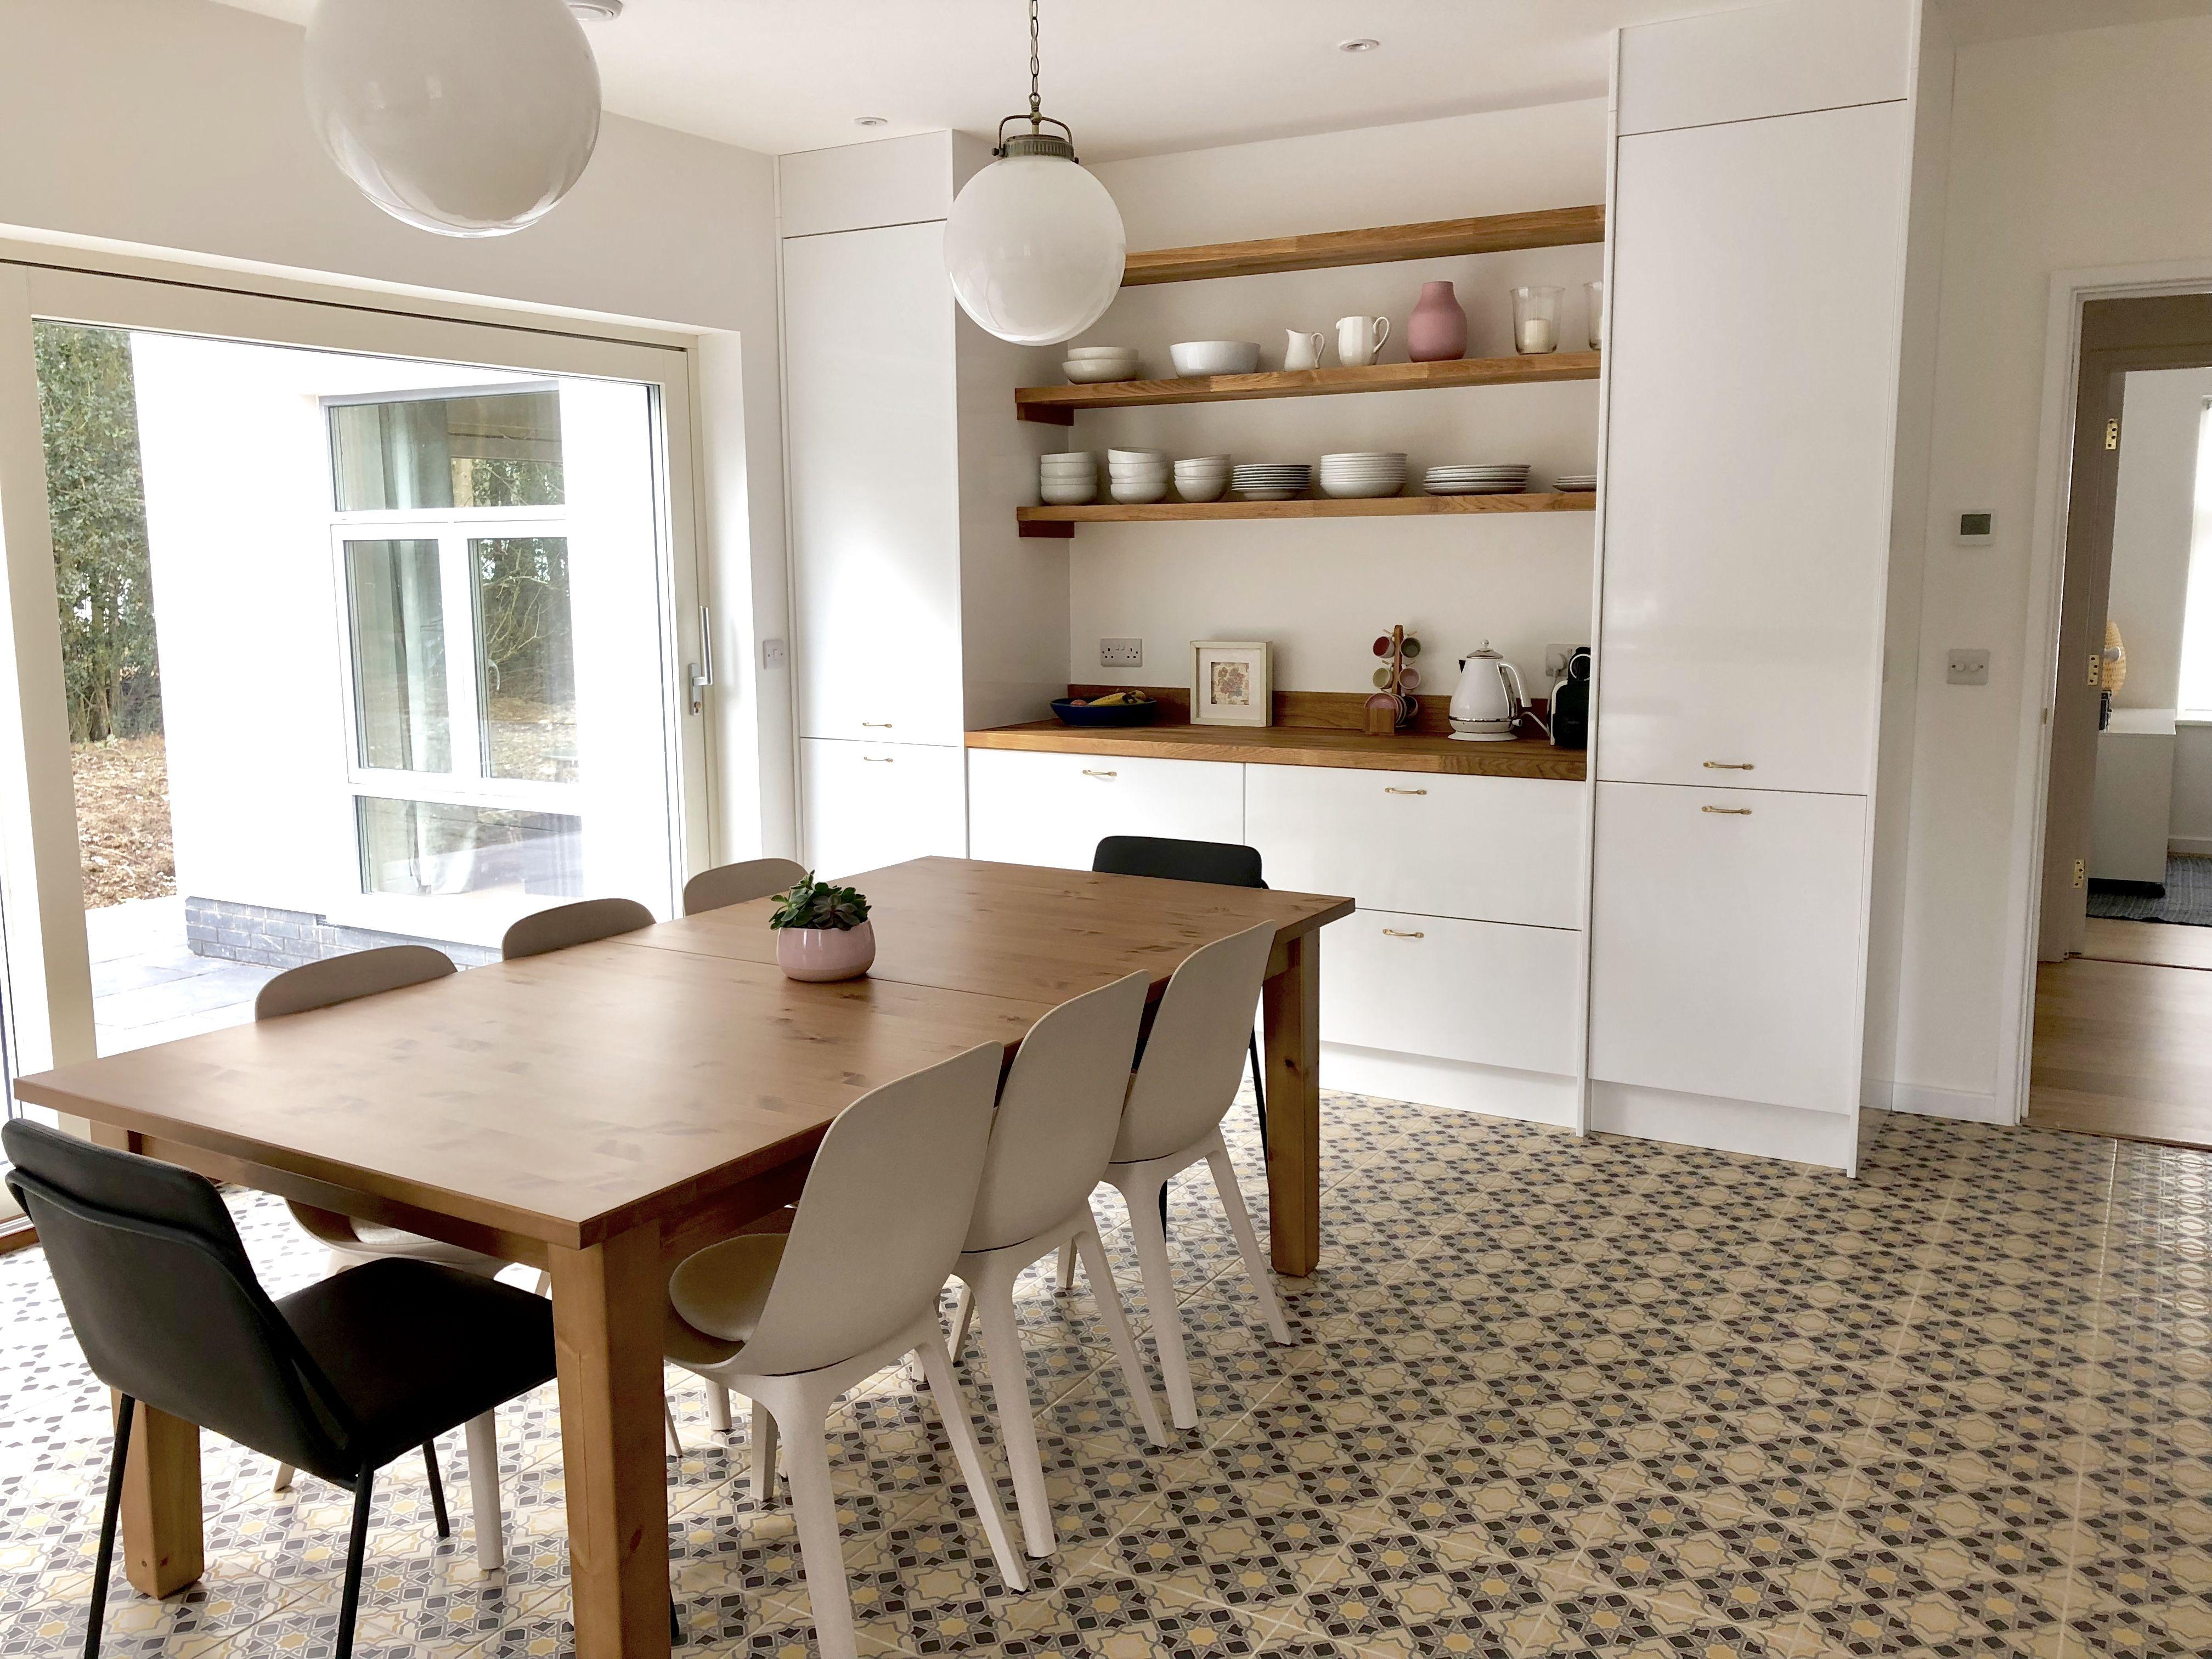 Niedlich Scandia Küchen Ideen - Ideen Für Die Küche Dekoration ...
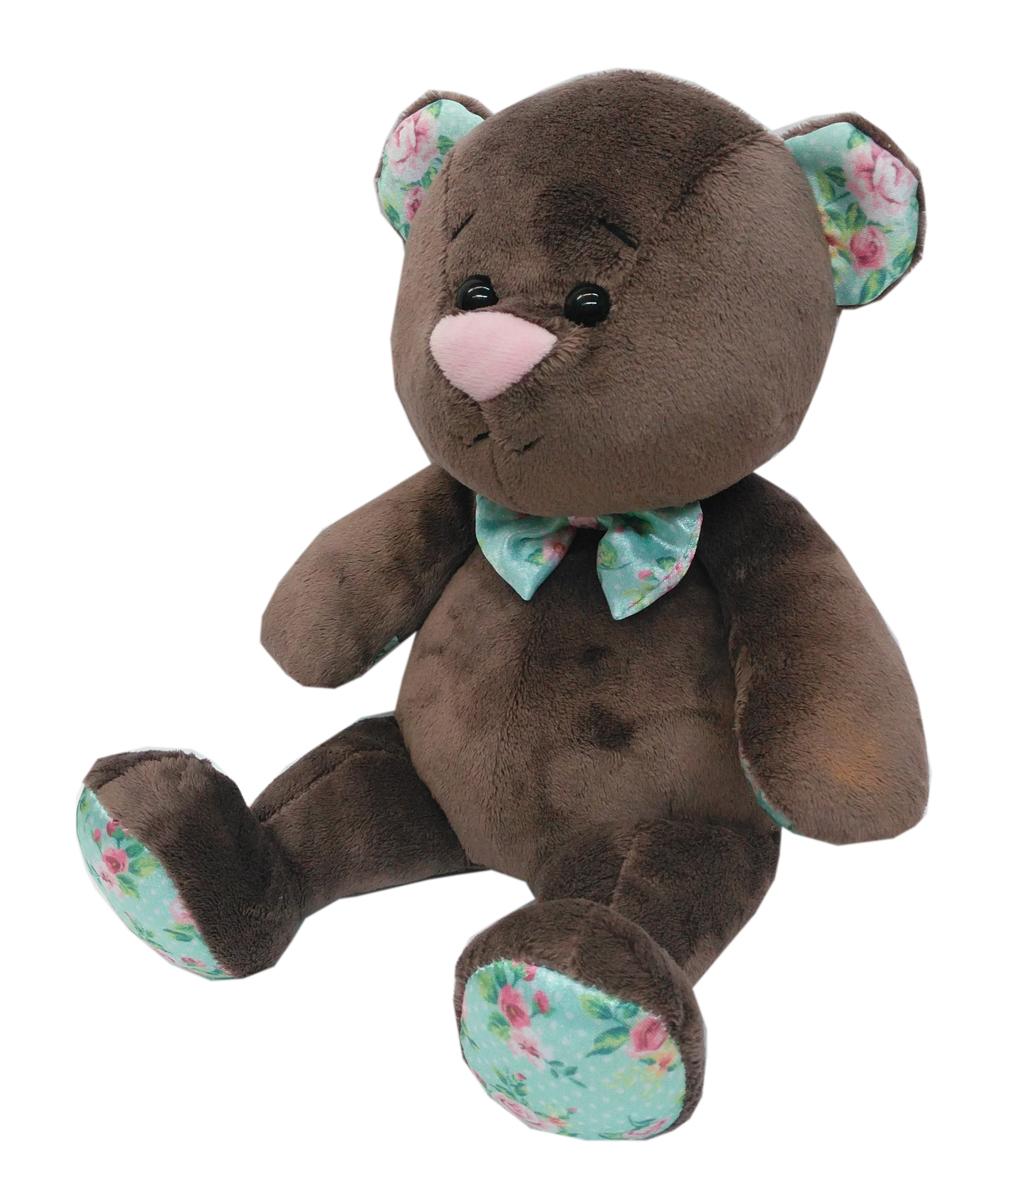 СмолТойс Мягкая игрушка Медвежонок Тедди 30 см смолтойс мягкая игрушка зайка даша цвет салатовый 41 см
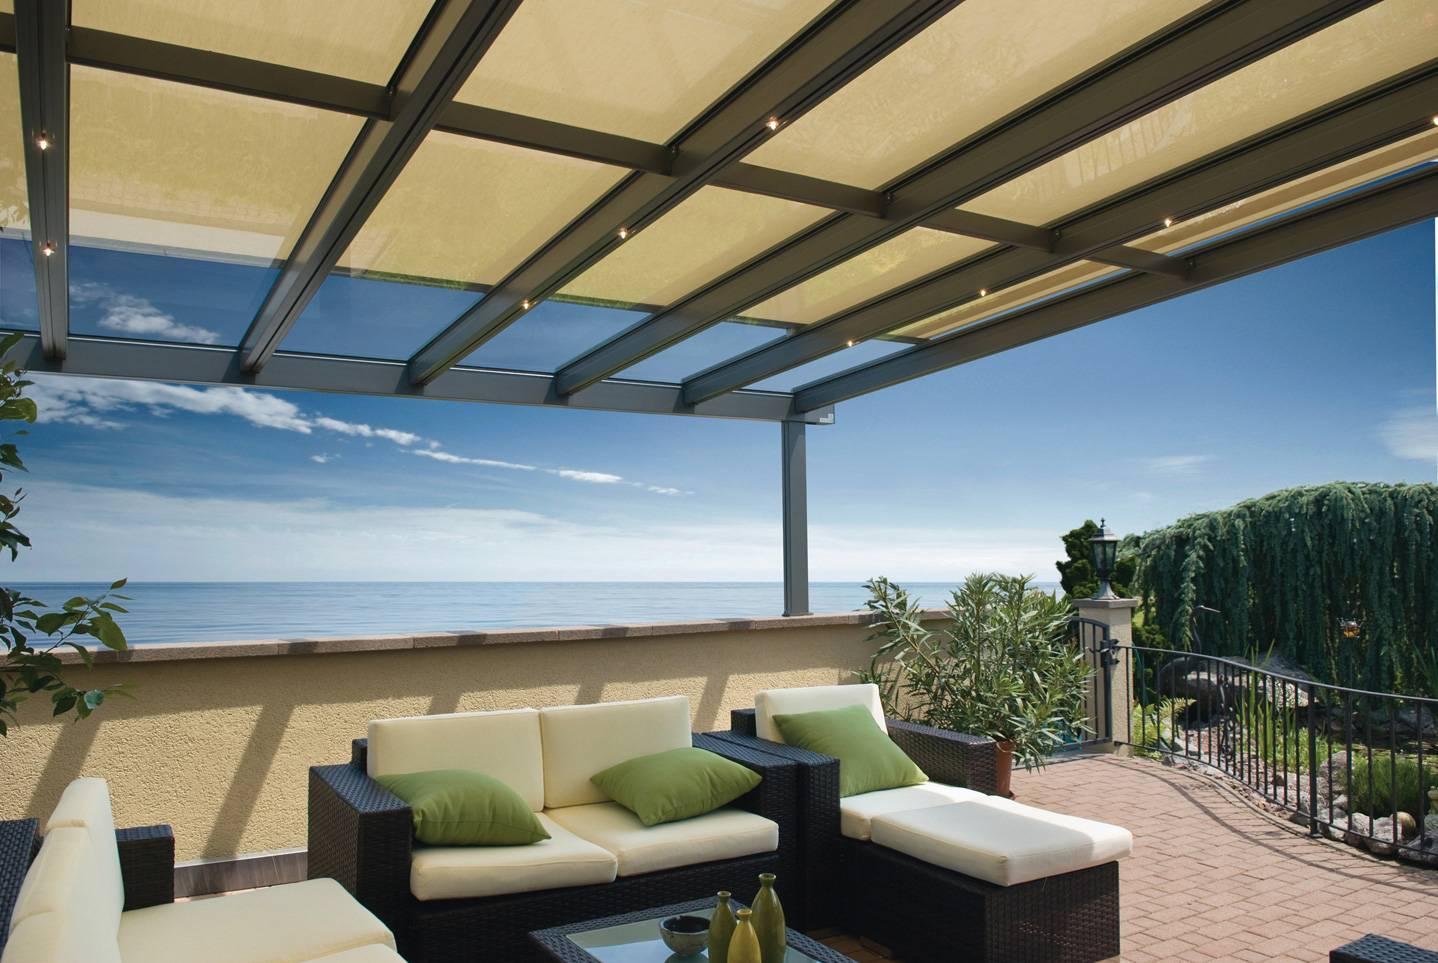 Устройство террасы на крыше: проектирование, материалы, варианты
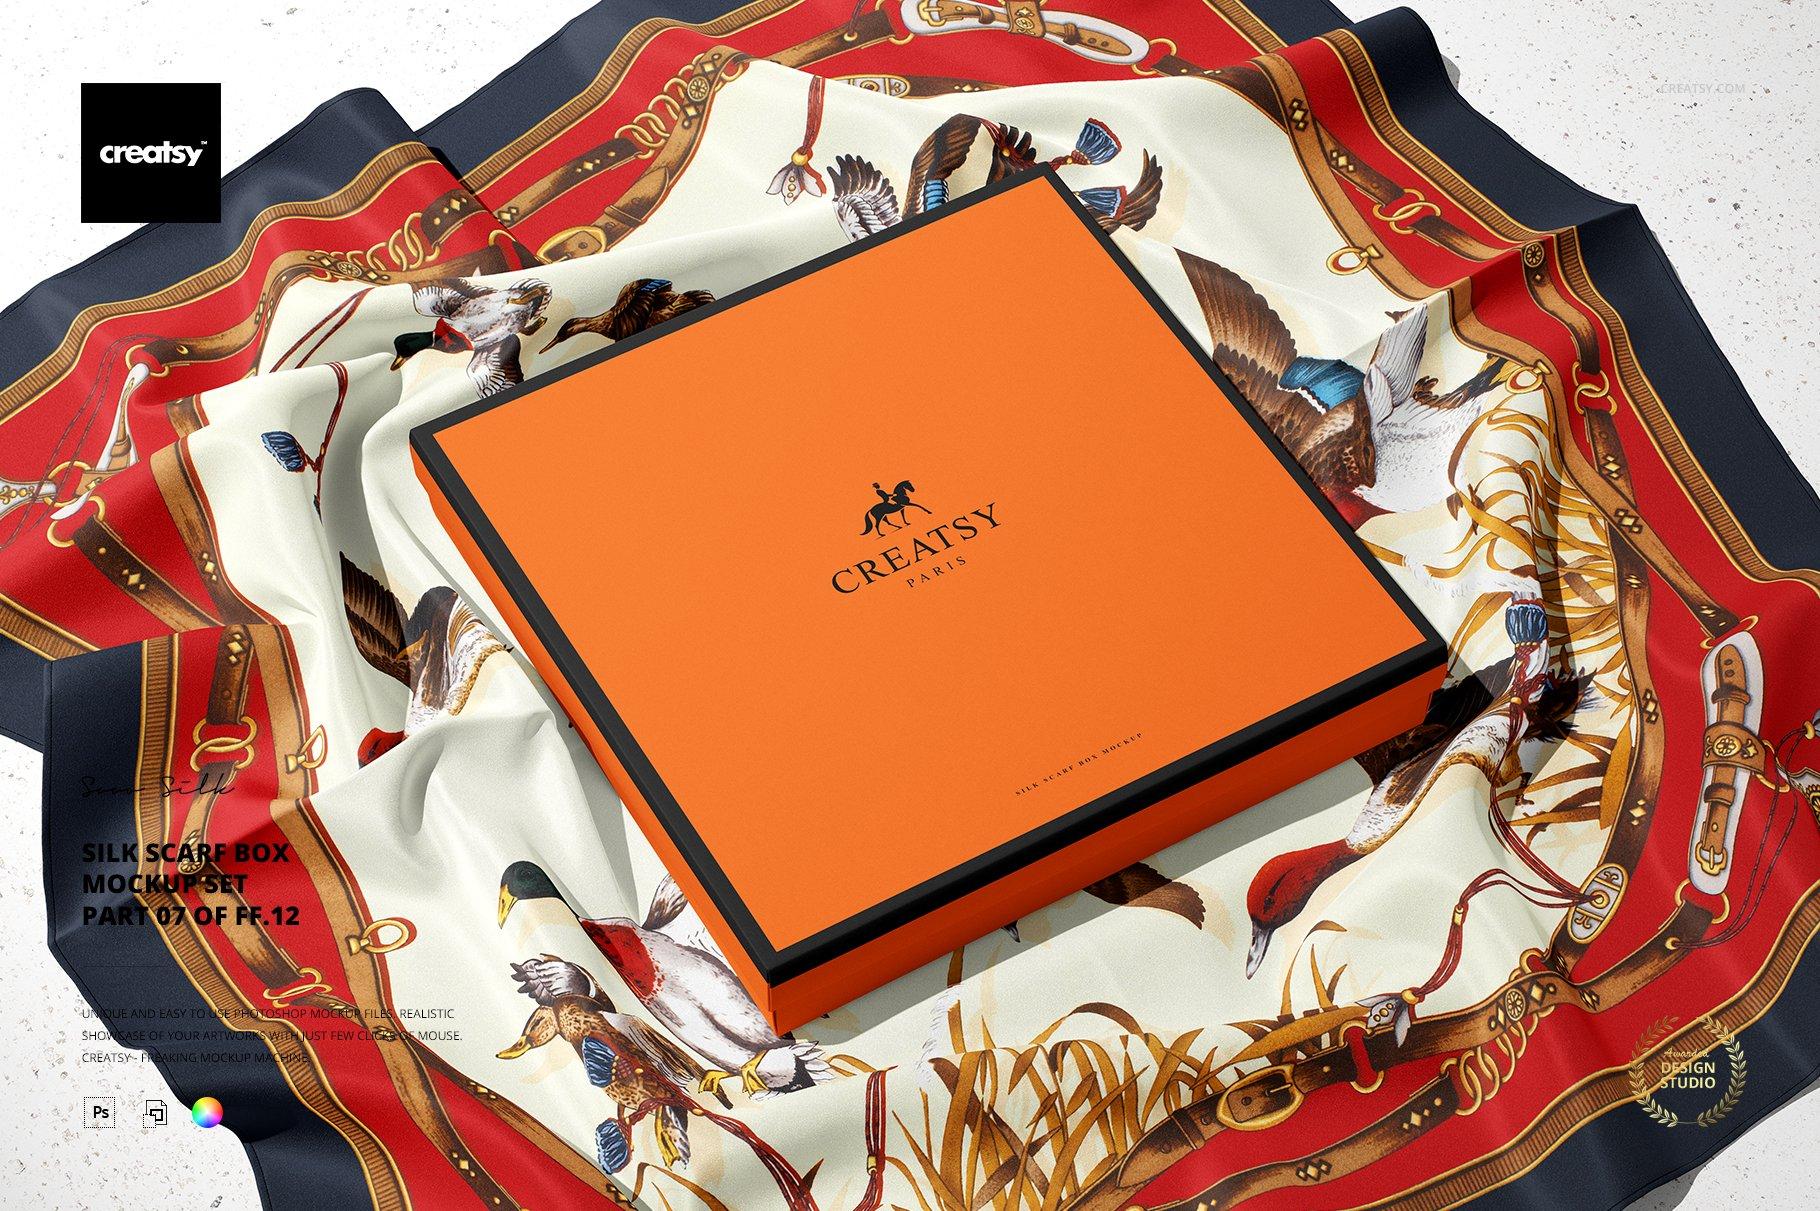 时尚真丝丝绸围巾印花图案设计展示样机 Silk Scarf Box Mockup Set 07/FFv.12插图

════════════════

■ **TASK TO COMPLETE**:
Without including any pictures, print all of the material exactly as given.

■ **WORKED SOLUTION**:
 Niedlich Scandia Küchen Ideen - Ideen Für Die Küche Dekoration ...
 СмолТойс Мягкая игрушка Медвежонок Тедди 30 см смолтойс мягкая игрушка зайка даша цвет салатовый 41 см
 Устройство террасы на крыше: проектирование, материалы, варианты
 时尚真丝丝绸围巾印花图案设计展示样机 Silk Scarf Box Mockup Set 07/FFv.12插图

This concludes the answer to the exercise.